** WORK REQUEST **
Each line from the start of the data below through the one containing "Close-up of Watercolour" must be reproduced exactly.
═════ RECORDS FOR PROCESSING
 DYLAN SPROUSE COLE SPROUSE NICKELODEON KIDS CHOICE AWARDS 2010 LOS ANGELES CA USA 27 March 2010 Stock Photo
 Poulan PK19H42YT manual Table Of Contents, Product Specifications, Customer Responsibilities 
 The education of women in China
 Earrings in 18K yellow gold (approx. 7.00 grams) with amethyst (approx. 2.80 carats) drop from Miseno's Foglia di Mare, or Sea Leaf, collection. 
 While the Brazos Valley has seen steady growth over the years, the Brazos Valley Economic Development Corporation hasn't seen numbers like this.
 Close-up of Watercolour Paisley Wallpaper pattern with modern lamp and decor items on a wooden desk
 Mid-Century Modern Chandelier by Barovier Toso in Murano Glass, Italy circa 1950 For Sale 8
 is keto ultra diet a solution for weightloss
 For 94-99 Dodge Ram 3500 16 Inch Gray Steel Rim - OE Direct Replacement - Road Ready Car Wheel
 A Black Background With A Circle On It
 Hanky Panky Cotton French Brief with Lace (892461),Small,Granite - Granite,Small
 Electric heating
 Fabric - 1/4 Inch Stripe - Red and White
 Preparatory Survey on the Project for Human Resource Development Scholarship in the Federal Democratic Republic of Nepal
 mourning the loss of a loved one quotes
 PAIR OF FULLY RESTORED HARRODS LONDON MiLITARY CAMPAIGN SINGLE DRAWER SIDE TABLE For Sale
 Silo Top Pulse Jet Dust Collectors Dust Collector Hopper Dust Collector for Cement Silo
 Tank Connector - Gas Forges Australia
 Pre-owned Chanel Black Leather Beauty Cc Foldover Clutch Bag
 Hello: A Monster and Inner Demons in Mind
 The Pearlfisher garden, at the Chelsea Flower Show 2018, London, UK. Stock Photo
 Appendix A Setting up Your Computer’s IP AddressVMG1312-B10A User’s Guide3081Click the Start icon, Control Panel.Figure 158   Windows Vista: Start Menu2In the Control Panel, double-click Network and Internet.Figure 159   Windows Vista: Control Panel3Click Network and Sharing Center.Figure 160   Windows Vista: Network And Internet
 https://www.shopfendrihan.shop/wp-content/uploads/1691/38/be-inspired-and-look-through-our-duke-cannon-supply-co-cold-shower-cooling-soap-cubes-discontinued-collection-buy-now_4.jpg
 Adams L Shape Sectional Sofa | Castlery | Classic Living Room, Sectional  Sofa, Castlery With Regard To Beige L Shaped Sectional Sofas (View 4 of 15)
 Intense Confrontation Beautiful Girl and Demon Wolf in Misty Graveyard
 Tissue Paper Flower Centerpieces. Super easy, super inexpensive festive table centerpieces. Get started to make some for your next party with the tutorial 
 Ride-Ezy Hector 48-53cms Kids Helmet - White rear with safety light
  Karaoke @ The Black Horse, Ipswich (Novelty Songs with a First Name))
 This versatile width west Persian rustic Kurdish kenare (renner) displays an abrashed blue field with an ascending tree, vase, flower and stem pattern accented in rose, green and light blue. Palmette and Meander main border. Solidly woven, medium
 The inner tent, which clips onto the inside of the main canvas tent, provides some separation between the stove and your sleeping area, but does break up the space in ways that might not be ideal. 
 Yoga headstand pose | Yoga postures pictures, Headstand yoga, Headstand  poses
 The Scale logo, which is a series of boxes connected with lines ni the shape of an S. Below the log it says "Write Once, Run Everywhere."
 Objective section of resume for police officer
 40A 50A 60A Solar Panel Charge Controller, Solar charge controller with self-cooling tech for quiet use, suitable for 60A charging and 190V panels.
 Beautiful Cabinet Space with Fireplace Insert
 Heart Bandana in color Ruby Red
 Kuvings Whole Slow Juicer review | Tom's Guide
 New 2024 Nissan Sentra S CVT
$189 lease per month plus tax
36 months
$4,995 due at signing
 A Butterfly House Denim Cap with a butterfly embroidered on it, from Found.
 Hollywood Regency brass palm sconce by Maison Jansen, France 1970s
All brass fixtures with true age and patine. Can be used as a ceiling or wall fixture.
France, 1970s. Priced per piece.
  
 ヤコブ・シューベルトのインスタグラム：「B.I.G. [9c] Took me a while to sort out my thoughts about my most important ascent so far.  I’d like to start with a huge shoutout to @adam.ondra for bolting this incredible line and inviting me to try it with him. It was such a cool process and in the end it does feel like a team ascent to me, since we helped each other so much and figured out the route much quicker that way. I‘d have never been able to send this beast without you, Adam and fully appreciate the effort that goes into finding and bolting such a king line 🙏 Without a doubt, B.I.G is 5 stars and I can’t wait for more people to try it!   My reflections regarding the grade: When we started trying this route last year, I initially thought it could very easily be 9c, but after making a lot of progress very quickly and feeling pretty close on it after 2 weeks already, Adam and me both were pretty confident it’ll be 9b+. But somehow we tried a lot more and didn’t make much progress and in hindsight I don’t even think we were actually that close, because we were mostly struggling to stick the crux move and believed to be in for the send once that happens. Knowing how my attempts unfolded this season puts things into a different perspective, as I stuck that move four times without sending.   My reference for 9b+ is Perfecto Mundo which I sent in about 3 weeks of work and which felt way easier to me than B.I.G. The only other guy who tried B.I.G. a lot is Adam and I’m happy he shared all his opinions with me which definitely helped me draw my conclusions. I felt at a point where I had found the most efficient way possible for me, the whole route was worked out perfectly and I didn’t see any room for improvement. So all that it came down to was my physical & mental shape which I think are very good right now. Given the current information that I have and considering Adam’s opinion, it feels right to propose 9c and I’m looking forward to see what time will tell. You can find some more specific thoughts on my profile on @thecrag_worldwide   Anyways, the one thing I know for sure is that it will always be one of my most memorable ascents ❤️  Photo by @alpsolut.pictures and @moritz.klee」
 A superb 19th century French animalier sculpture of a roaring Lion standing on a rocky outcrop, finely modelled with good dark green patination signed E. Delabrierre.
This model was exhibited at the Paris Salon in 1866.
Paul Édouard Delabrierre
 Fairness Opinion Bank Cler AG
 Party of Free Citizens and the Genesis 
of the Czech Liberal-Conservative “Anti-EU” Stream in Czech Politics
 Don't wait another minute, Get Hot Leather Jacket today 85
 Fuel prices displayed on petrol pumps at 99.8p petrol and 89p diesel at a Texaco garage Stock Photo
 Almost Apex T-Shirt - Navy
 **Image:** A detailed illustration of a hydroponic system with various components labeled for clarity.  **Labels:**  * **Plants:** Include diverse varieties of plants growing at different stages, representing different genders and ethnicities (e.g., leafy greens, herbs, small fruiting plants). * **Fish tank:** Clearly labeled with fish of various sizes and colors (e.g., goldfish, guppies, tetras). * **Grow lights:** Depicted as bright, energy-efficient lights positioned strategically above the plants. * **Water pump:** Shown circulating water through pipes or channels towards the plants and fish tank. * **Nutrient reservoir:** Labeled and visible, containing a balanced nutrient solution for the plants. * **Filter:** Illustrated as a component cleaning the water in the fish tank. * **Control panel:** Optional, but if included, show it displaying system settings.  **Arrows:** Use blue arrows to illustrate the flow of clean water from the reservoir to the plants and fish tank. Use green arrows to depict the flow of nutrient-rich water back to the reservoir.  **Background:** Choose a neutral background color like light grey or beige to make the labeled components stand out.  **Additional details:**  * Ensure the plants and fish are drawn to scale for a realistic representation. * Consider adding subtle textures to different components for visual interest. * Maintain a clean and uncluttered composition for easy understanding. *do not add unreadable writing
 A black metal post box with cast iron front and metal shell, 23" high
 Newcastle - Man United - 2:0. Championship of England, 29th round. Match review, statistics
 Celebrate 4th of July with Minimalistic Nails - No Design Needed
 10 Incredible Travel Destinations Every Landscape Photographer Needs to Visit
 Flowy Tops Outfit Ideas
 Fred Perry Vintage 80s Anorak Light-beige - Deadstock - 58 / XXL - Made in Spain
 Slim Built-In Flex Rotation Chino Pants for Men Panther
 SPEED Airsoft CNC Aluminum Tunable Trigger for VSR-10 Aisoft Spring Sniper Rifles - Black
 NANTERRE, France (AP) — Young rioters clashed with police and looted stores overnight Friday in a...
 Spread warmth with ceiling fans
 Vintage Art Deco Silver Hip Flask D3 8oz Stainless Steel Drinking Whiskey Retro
══════════
** ANSWER TO THIS EXERCISE **
 DYLAN SPROUSE COLE SPROUSE NICKELODEON KIDS CHOICE AWARDS 2010 LOS ANGELES CA USA 27 March 2010 Stock Photo
 Poulan PK19H42YT manual Table Of Contents, Product Specifications, Customer Responsibilities 
 The education of women in China
 Earrings in 18K yellow gold (approx. 7.00 grams) with amethyst (approx. 2.80 carats) drop from Miseno's Foglia di Mare, or Sea Leaf, collection. 
 While the Brazos Valley has seen steady growth over the years, the Brazos Valley Economic Development Corporation hasn't seen numbers like this.
 Close-up of Watercolour Paisley Wallpaper pattern with modern lamp and decor items on a wooden desk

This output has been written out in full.